* _DATASET SECTION_:
--- START ---
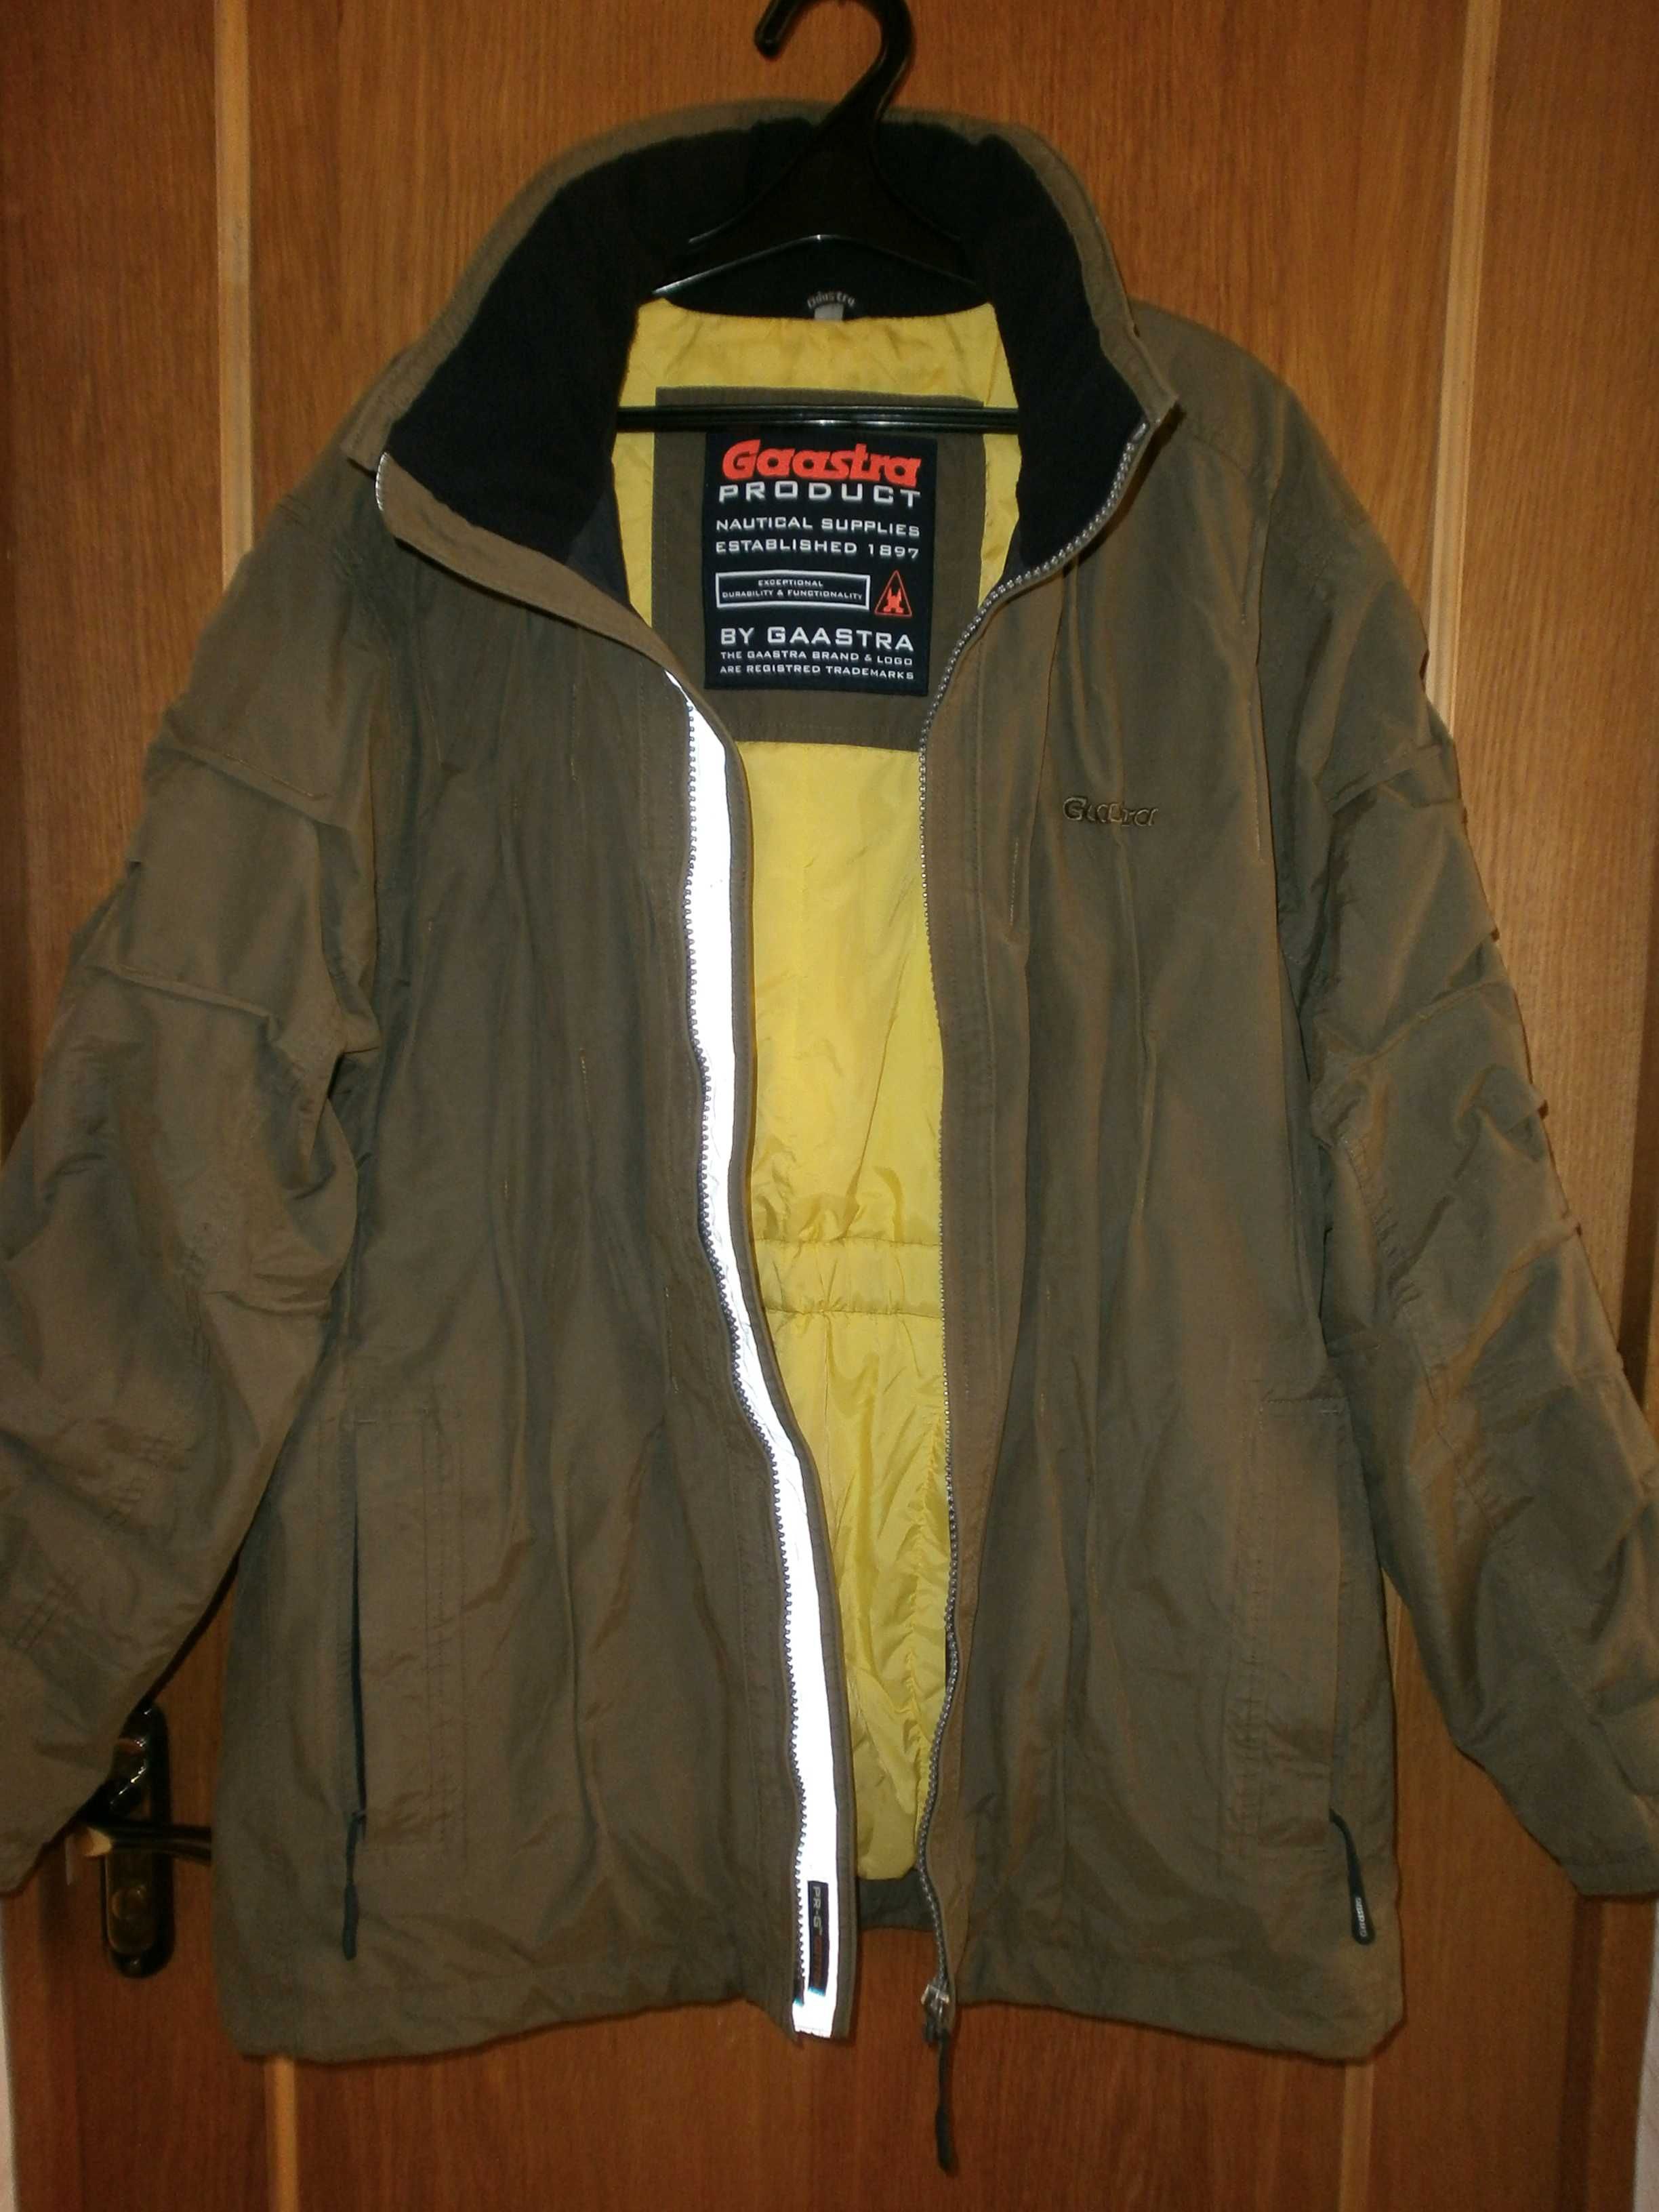 Куртка милитари IDpdt, олива, разм. L, наш 54. ПОГ-62 см. С подстёжкой
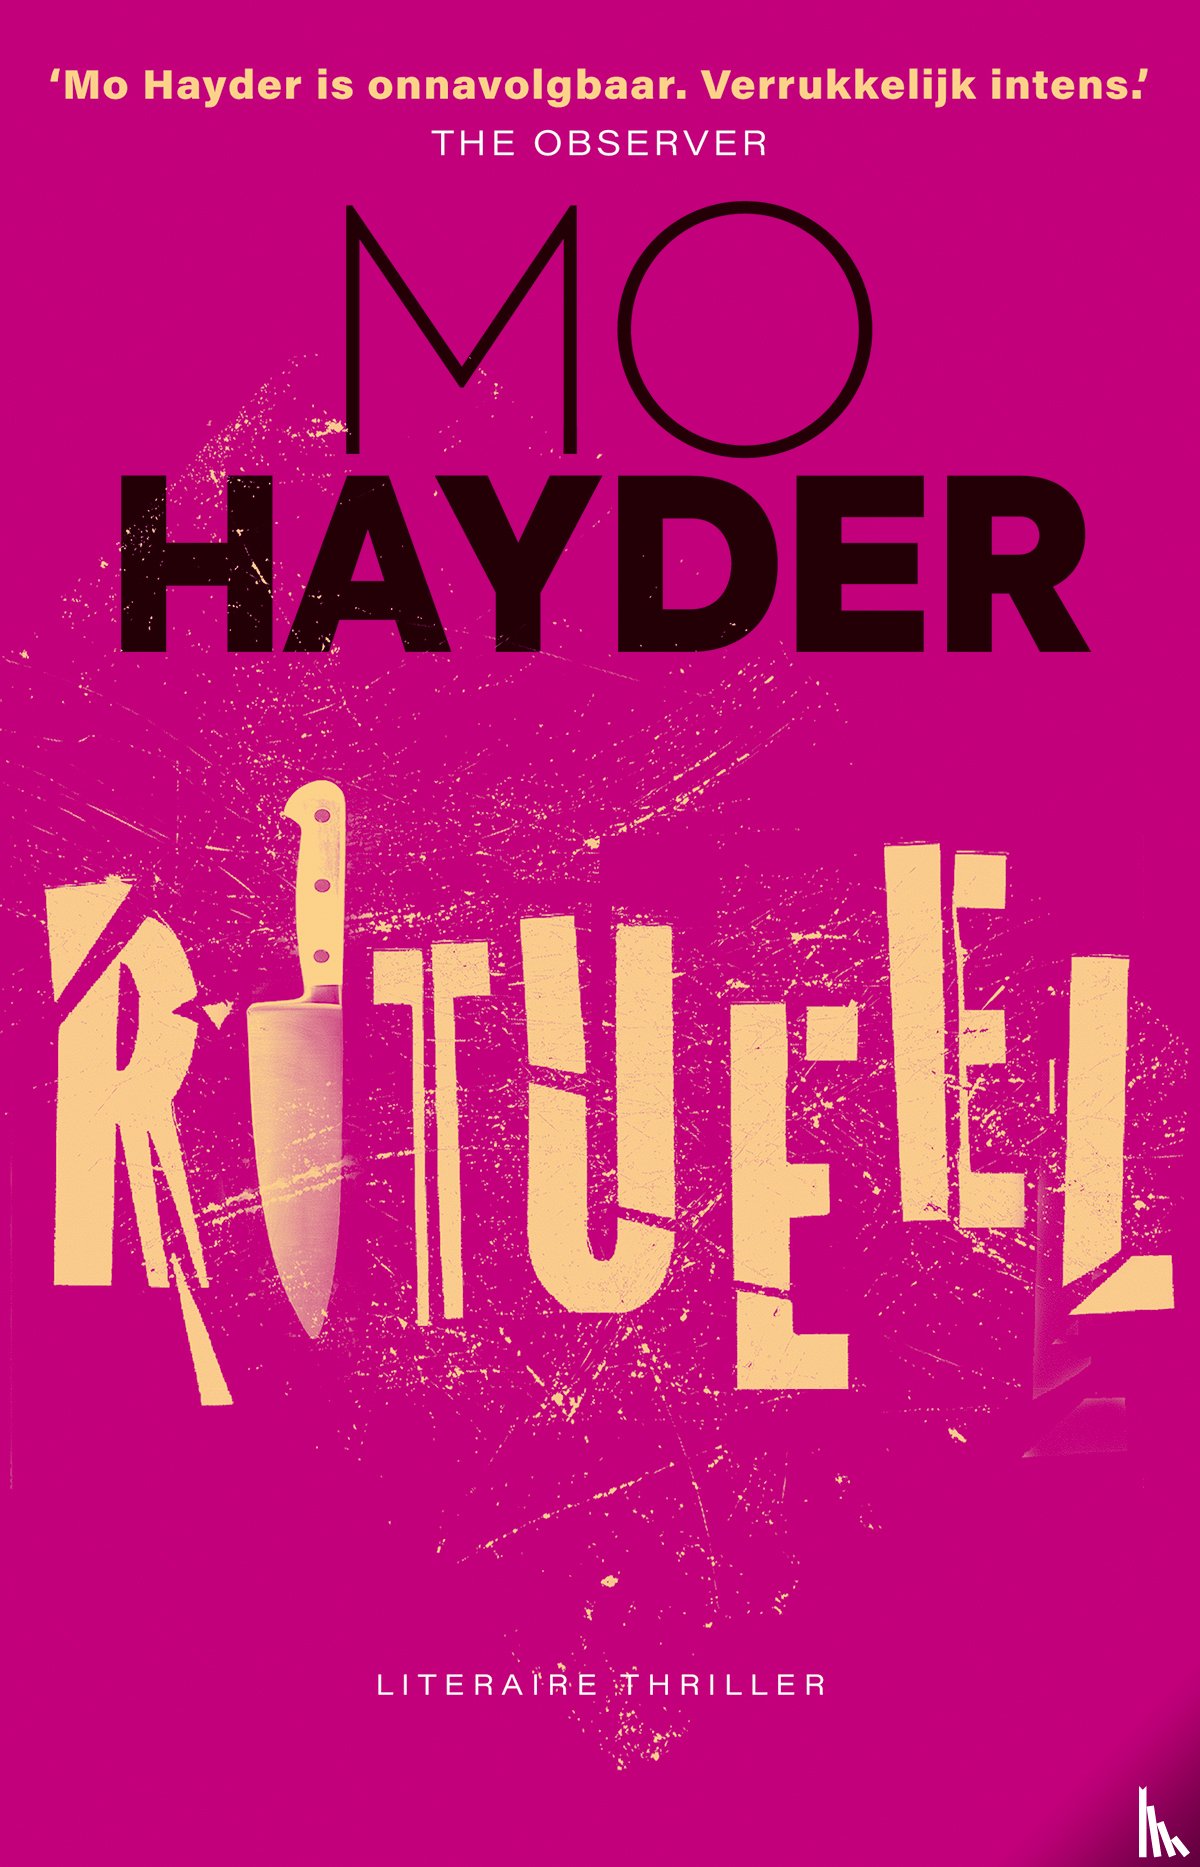 Hayder, Mo - Ritueel
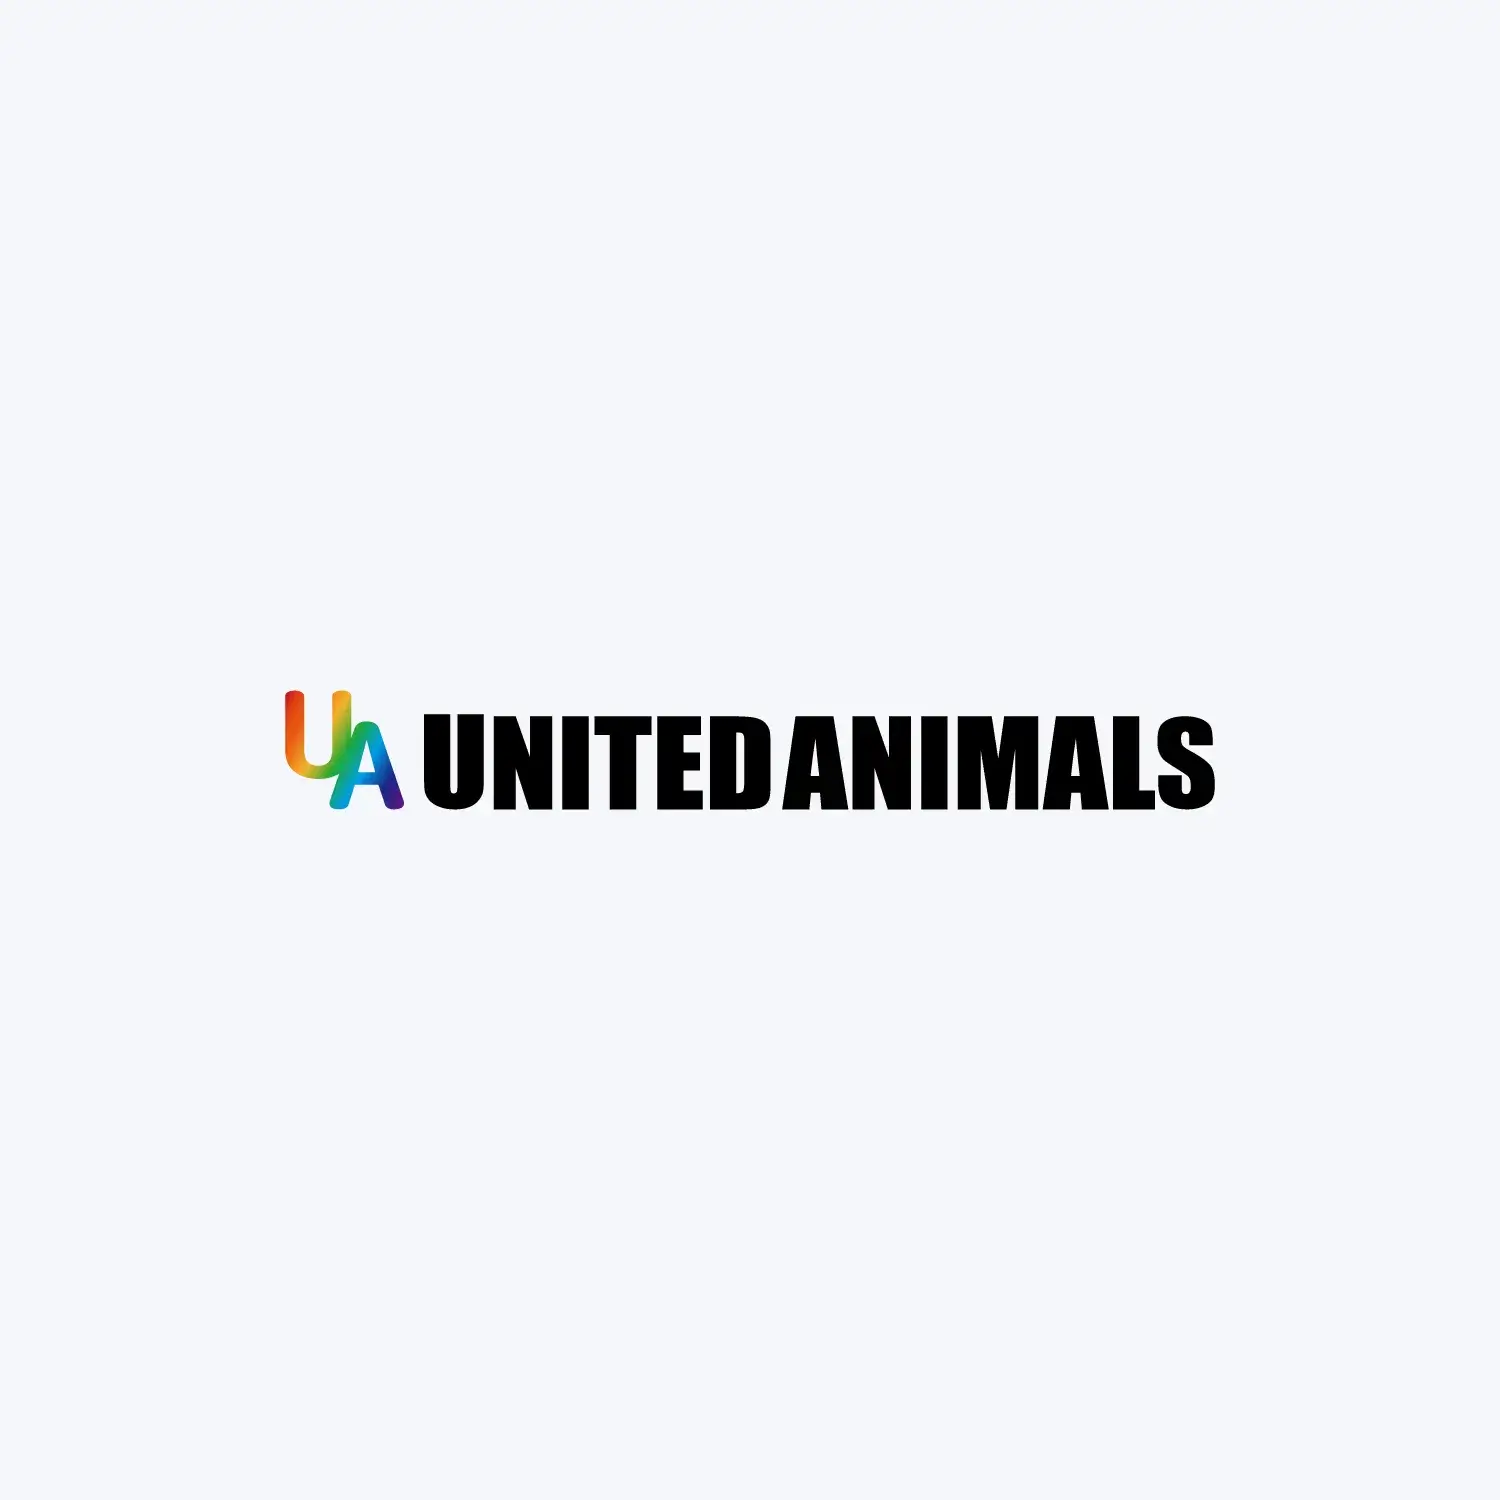 UNITED ANIMALS
--- END ---
* _TASK TO CARRY OUT_: Please return the listing above exactly and leave every picture out.

* _EXPECTED ANSWER_:
 Куртка милитари IDpdt, олива, разм. L, наш 54. ПОГ-62 см. С подстёжкой
 Hayder, Mo - Ritueel
 UNITED ANIMALS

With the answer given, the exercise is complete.